Ive had a bad oil filter in my old truck once- knocked something firece when starting ( never did before) the couple times i ran it after - so put a new filter on it and never did it again - oil would be a 1/2 quart higher due to not filling the filter.


----------



## Hoodoo Valley (Nov 14, 2006)

Thanks DT! With your help guys I'm closing in on it. First off, I let it set after the overflow, and you could hear the oil bubling away as if boiling sort of slowly. Let it set a day and the oil went back down to normal. So! I'm beginning to think it might be the oil breather as you all are saying. DT, it doesn't have a filter on it never did. I need to study up on the breather now and then tear into it.


----------



## jhngardner367 (Apr 5, 2011)

Yeah,it sounds like the breather valve is sticking/plugged.Try taking it out and spraying it with carb cleaner,and GENTLY blowing it out(no more than 10/15 psi).


----------



## Hoodoo Valley (Nov 14, 2006)

Carb rebuilt and I looked at the breather and it looked as if brand new.
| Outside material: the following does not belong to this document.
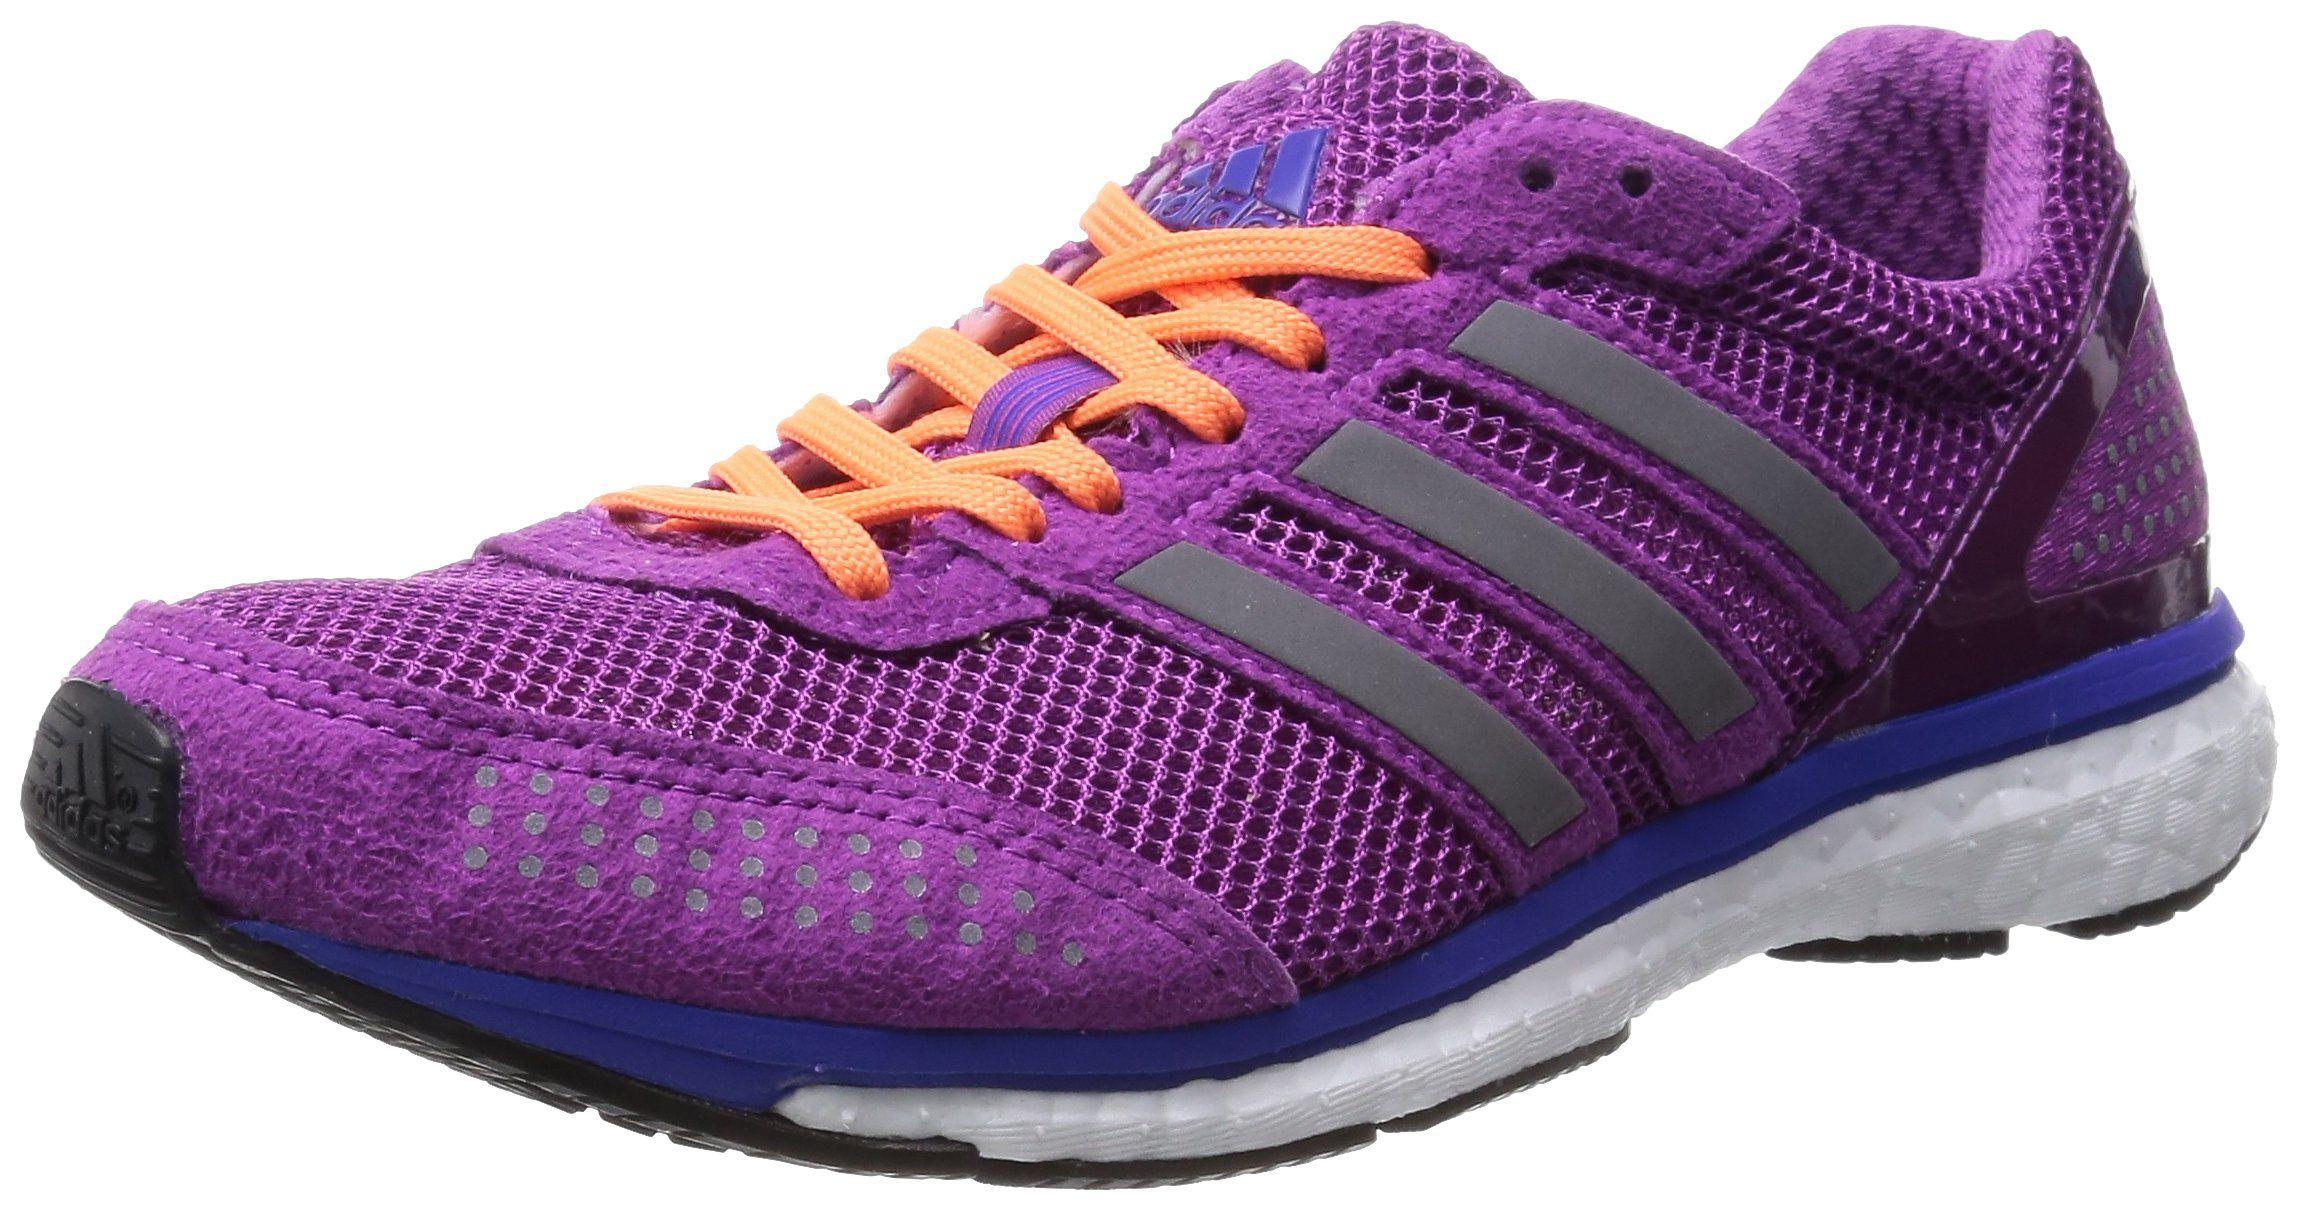 Adidas Adizero Adios Boost 2 Women's Running Shoes - SS15 ...

Our local mechanic has suggested that the engine is shot, though it runs really good still. He said to rebuild the engine would be more than a new mower. He's coming to pick it up tomorrow for a look.


----------



## dangeroustoys56 (Jul 26, 2010)

Id just try a new breather valve . What if you tried to drill a tiny hole in the oil fill cap? Or leave it loose and see what happens ( if its the type with a long tube). Was there alot of oil in the breather area?


----------



## Hoodoo Valley (Nov 14, 2006)

dangeroustoys56 said:


> Id just try a new breather valve . What if you tried to drill a tiny hole in the oil fill cap? Or leave it loose and see what happens ( if its the type with a long tube). Was there alot of oil in the breather area?


The air filter area was flooded with oil. The breather valve was totally fine, just like new. I had the dealer pick it up cause this one has me bamboozled I tell you! Never seen anything like it at all, and I have no more idears!


----------